As small businesses it is great that we have access to all of these potential customers in a very accessible and low-cost way but for social media to work for your business, you will have to work out which social media platforms are best for your audience. Where do they hang out online and where will they be receptive to your messages?

So many business to business firms like accountants for example (I’m not picking on them deliberately!) are keen to launch themselves onto Facebook with vigour but the reality is that it may not be where their audience wants to hear from them and it is highly likely that the type of content and messages that they are able to share will simple leave their audience cold. Sorry but it’s a harsh fact. Just as I feel that not everyone on Facebook wants to hear about marketing, so I don’t use it for my business.

Social media success will more often than not involve a blend of different channels not one alone. But each social media platform is different and shouldn’t be viewed as a broadcast platform to just send out your blog posts and messages on for free – identical content sent blandly to each one.

The techniques to find and engage your audience will need to be different. For example, Facebook is very visual and fun so sharing and commenting on photos and using contest can be more effective than simply feeding your blog posts through. The new Facebook Timeline for pages has created a much more visual layout and successful businesses on Facebook play to this strength to get their marketing messages across.

2. Why exactly am I doing this?

I mentioned about keeping up with the business ‘Joneses’ and I think this is a particular problem with social media. Every small business wants to be doing it but many don’t really know why.

The key thing to consider is your broader marketing objectives – be that brand awareness, website landing page visits, email sign ups, e-book downloads, product sales, workshop places, etc. Don’t forget what you are trying to achieve as a whole and then think about how each social media channel, be it Twitter, Facebook or YouTube etc, helps support these objectives and which one is best for your particular objectives.

For example, getting downloads of your e-book or email sign ups may work better on Twitter than on Facebook. If you are a lifestyle brand, it may be easier to raise your brand awareness and generate website visits from a Facebook page where you can share visual content and build interactive pages and contests using apps.

There are no hard and fast rules but if you know your audience it makes it easier to decide which channels to try out and what type of content will work best. Then you can build your content plan and start sharing.

3. Is all this effort really worth it?

Lastly, and often forgotten, is measuring the results you are getting and adapting your social media activity depending on what works for your business. As I said there are no silver bullets or hard and fast rules, so you need to test and refine what you do.

It is important to set social media Key Performance Indicators (KPIs) so you can measure the conversations you are generating and how engaged your audience is. It isn’t purely about the size of your audience – there are shortcuts to getting thousands of Twitter followers but if none of them are interested in what you are saying or interacting with you, it isn’t going to be productive towards your goals.

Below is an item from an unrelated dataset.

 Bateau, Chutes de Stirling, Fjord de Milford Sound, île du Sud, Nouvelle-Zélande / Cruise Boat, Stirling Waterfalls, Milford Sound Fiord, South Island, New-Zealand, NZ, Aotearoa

So it is more meaninful to measure not just Likes on Facebook, but shares and comments or not just Followers on Twitter but retweets and favourite clicks. Much better to monitor the conversations and interactions with your brand than collecting pure numbers for the sake of it.

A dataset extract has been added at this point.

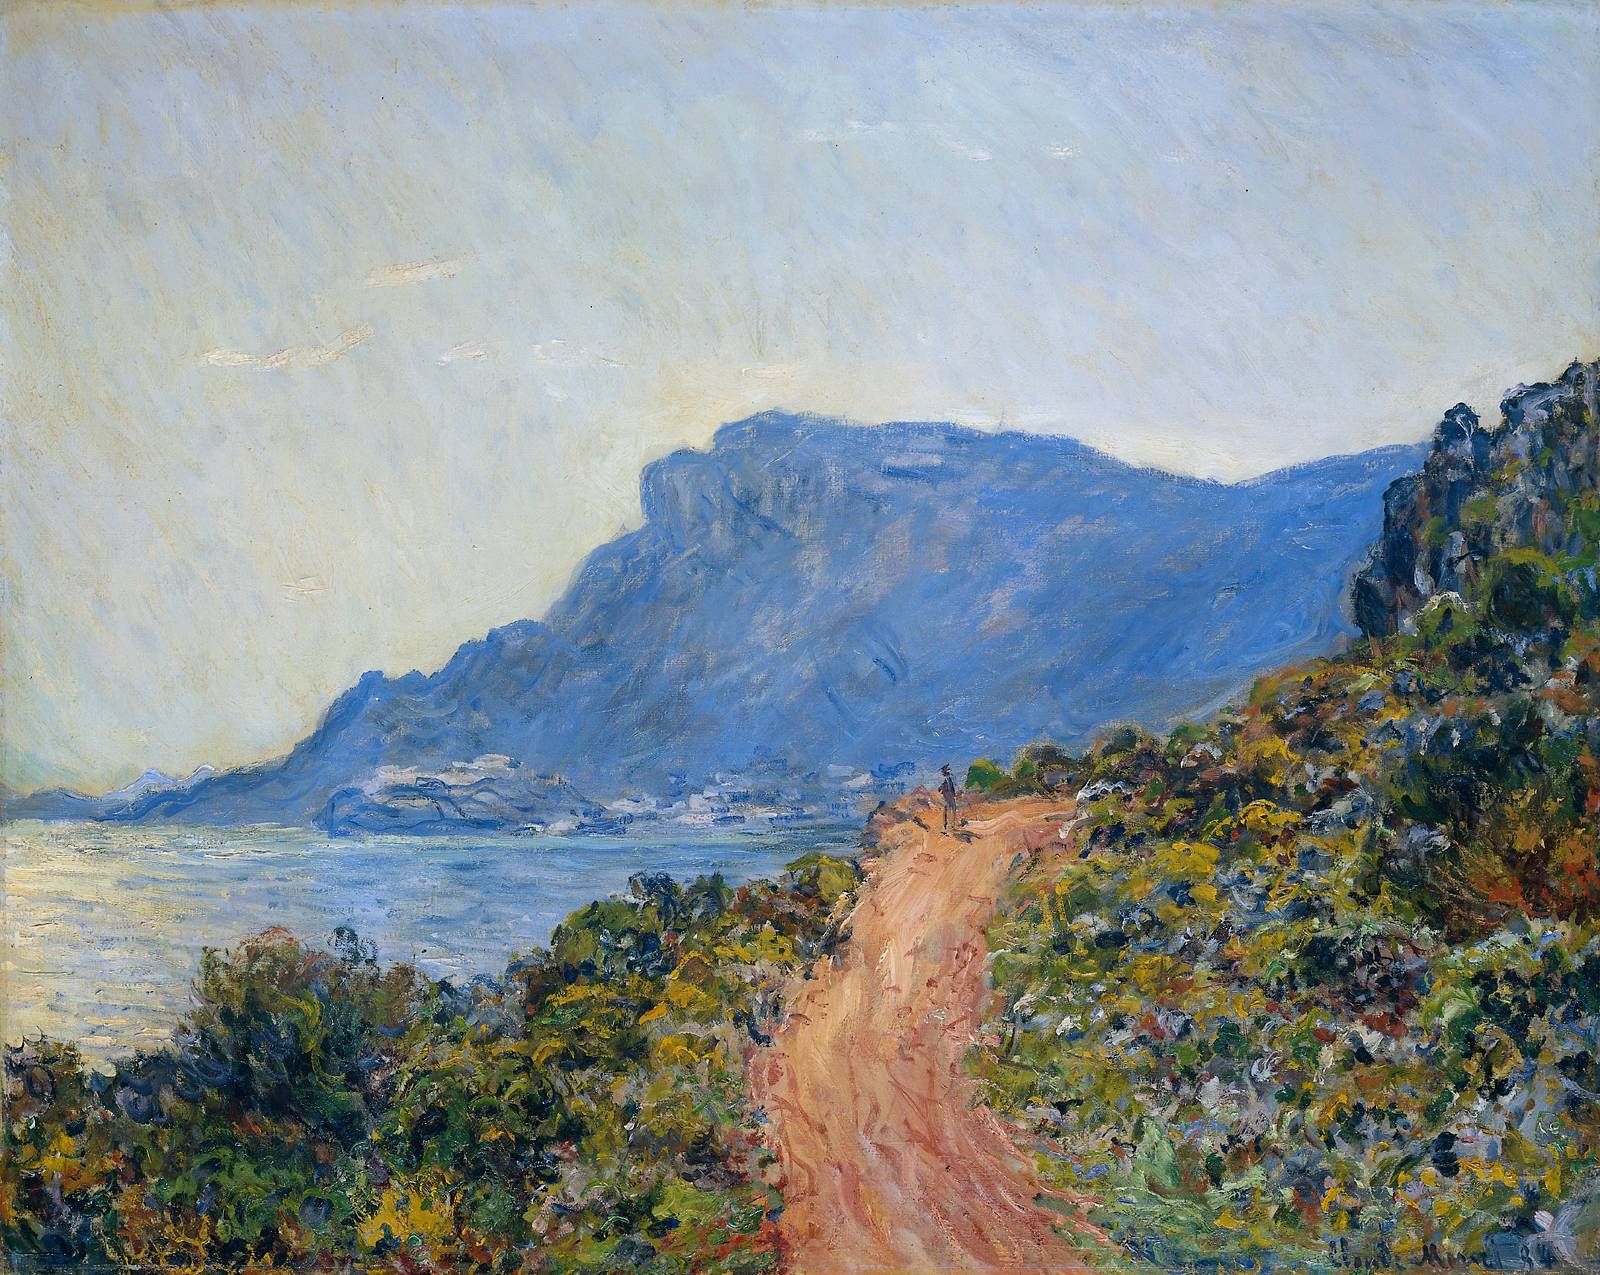 File:Claude Monet - La Corniche near Monaco (1884).jpg - Wikimedia Commons

A free tool that was recommended to me recently to assist with measuring your social media activity more easily is True Social Metrics. I tried it out myself and it is really useful. It enables you to create a dashboard of metrics across all of the social media channels you use and calculate the true value of the conversations and engagement levels you are achieving and show how that is translating into economic value for your business.

I think this is a really handy dashboard to make sense of all that time and activity. Go on, give it a go!

So don’t be exhausted – be focused and excited by your social media activity!